Julian: No votes for the shares.
Mike: Yeah that was actually a very unique structure. Where yeah there was no voting rights whatsoever and ironically look at their share price since the IPO they’re down about fifty percent.
Julian: Yeah yeah and so on this Levi’s deal by super voting you mean ten votes for shares for the descendant family.
Mike: Yes yes.
Julian: It’s real interesting in my opinion an example of poor corporate governance not only do you have a massive exit the family selling their shares, but then they’re retaining pretty much total control of the company through ten to one voting shares when everyone else in the IPO only gets one vote. So, you know not the best corporate governance there. Then I wanted to talk about IPO performance in general as we’re calling this podcast the IPO, is it probably overpriced and so we have an analysis in front of us here that shows that on average there is a big IPO pop. I’m saying since 1980 the average IPO has popped about eighteen percent on the first day. However, over the next three years they have underperformed the market by roughly nineteen percent and so it just goes to show you I believe IPOs, they’re generally not a good buy and the way to play them if you can be to get in on the first day and then just make it for a quick flip. Capitalize on that IPO pop and just exit. Because the people buying after the IPO will typically see underperformance and I think that there is that IPO pop because everyone’s looking for that rare lottery ticket like a Microsoft or Amazon. But the vast majority of them if you buy them all, you’ll most certainly underperform the market at least according to our historical data. But looking at the IPO ETF it’s been on a tear this year. What is it up? 35 percent or so and so you know it doesn’t work every time. But I believe on average that initial public offerings are overpriced and will likely underperform on average on a go-forward basis.

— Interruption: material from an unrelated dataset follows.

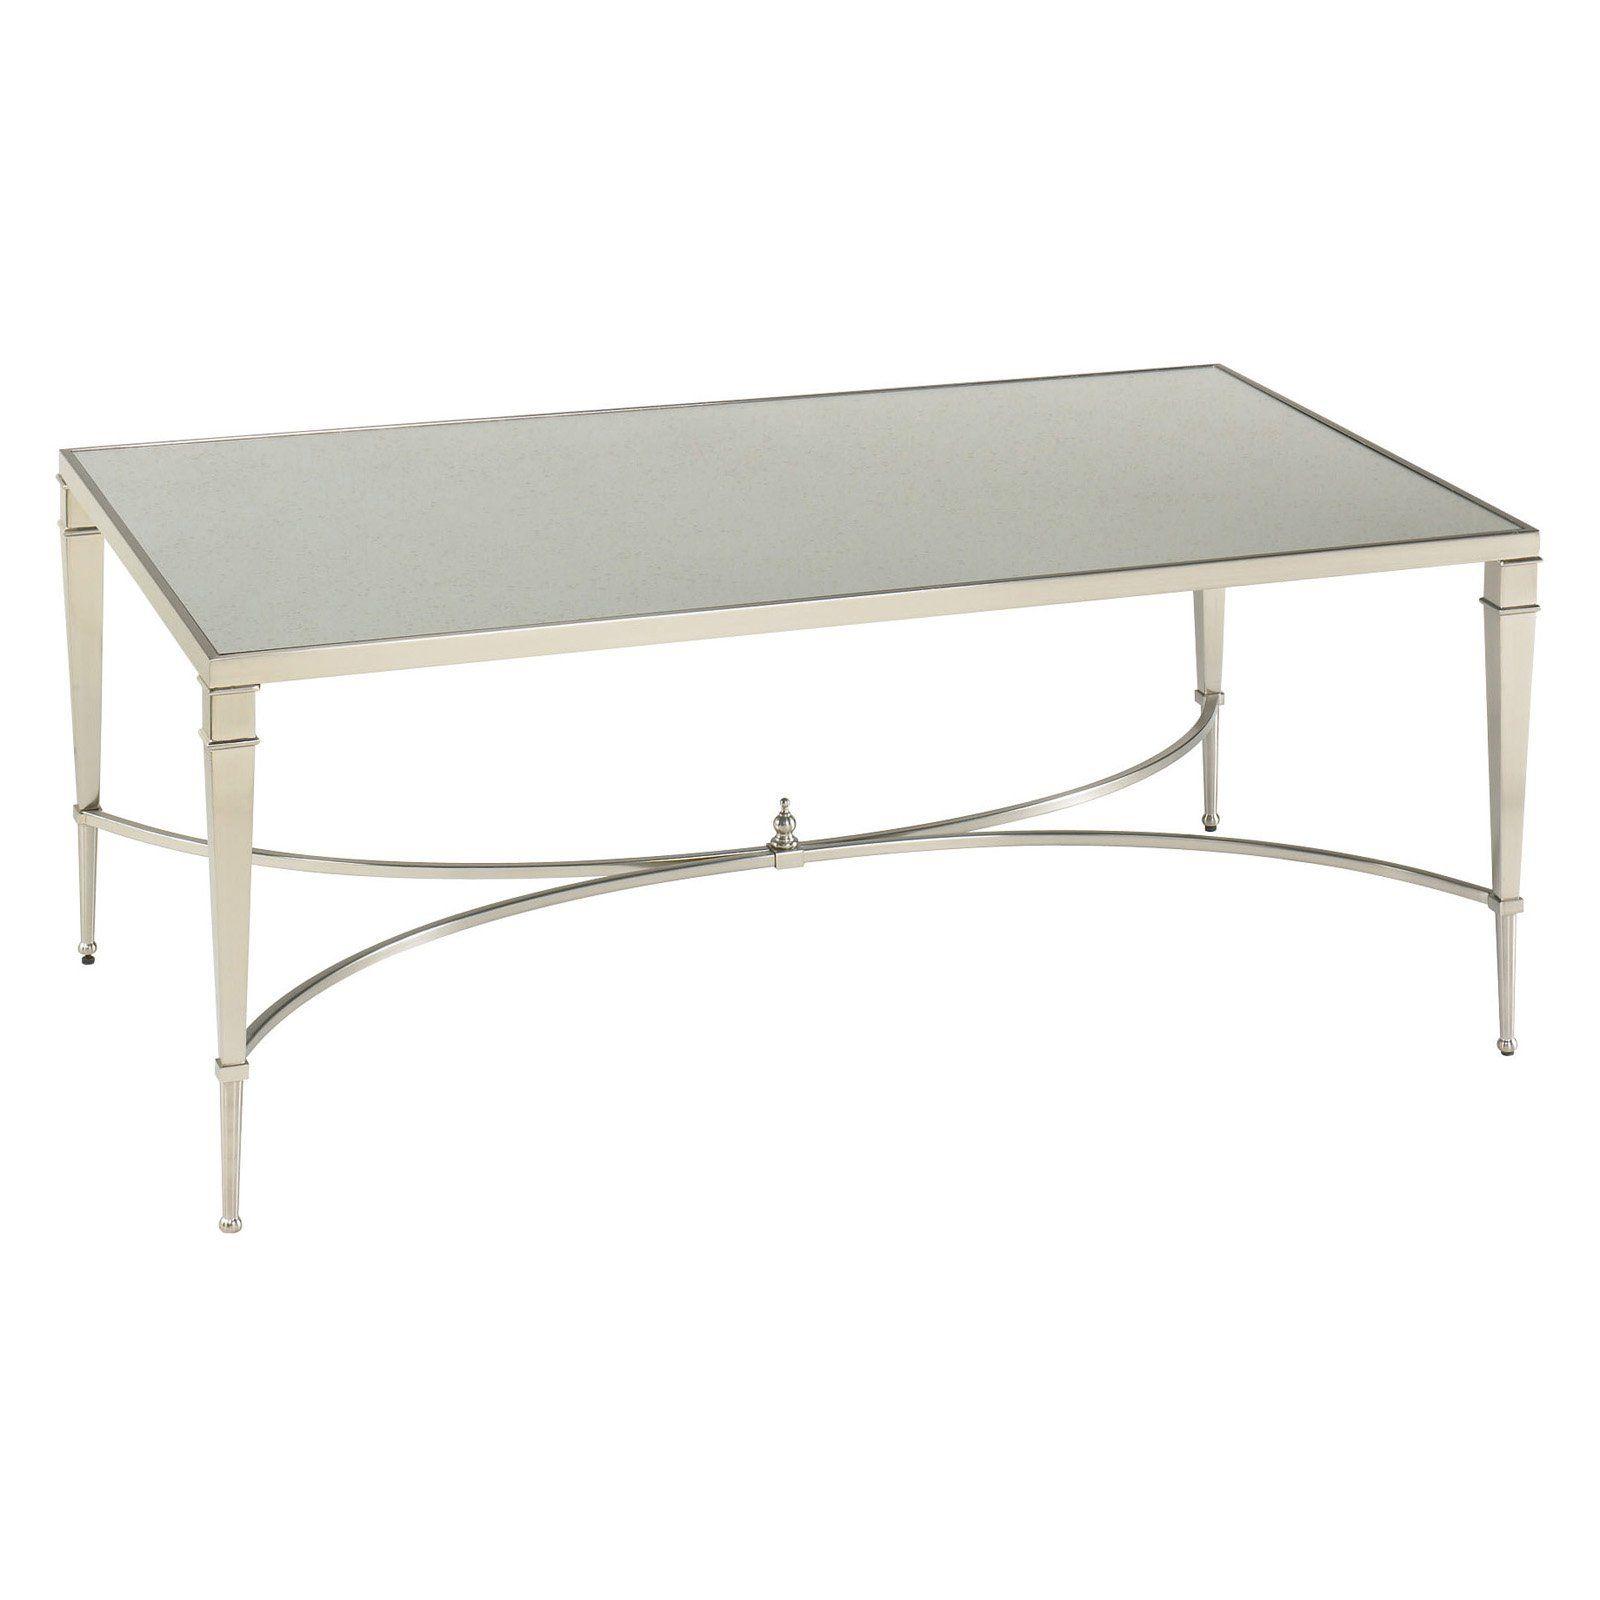 $450 Hayneedle Hammary Mallory Rectangular Coffee Table The

Mike: And another thing to look at in any of the IPO analysis is that it typically is dependent upon being part of that initial allocation, which is very important, and part of the initial subscription and you know the hot IPO is by definition like this one was ten times oversubscribed. So, it’s very difficult to be a part of those IPOs. So, you’re likely you know as a normal trader you’re going to be buying in after the larger initial pop has already happened.
Julian: Yeah definitely there’s certainly some adverse selection where the best ones you’re not getting in. So, the ones that do poorly are the most likely allocations that you’d get unless you’re paying you know tens of millions of commissions per year and you’re on the VIP or president’s list for their brokerage firms. But you know that’s pretty unlikely. So, in general I’d probably stay away from these.
Interesting article this week in the financial times highlighting Steve Eisman and you may know him from the movie and the book The Big Short. He was played by who Steve Carell and so he’s infamous for short selling financial companies and I believe subprime mortgages and making a big bet against those prior to the global financial crisis and really profiting off their decline. So there’s an article this week highlighting his, he’s been raising his bets against Canadian bank stocks and blaming that potential future adverse performance on slowing economic growth in Canada, softening housing market and a decline in credit growth and all of these would potentially cause increased loan losses at the Canadian banks leading to declines in net income and ultimately poor share price performance and if we look at the numbers, wagers by short-sellers against the banks have increased 19% year-to-date up to twelve point three billion. So fairly sizable shorts there and it’s a really interesting situation. What are your thoughts on it?
Mike: Yeah something that he mentioned in his analysis and the article was that the Canadian banks may not be mentally prepared, since they are an oligopoly. But the fact that they’re an oligopoly could arguably be one of their main strengths and why investors have invested in the Canadian banks historically and why they’ve had such strong pricing power and being such a strong dividend grower.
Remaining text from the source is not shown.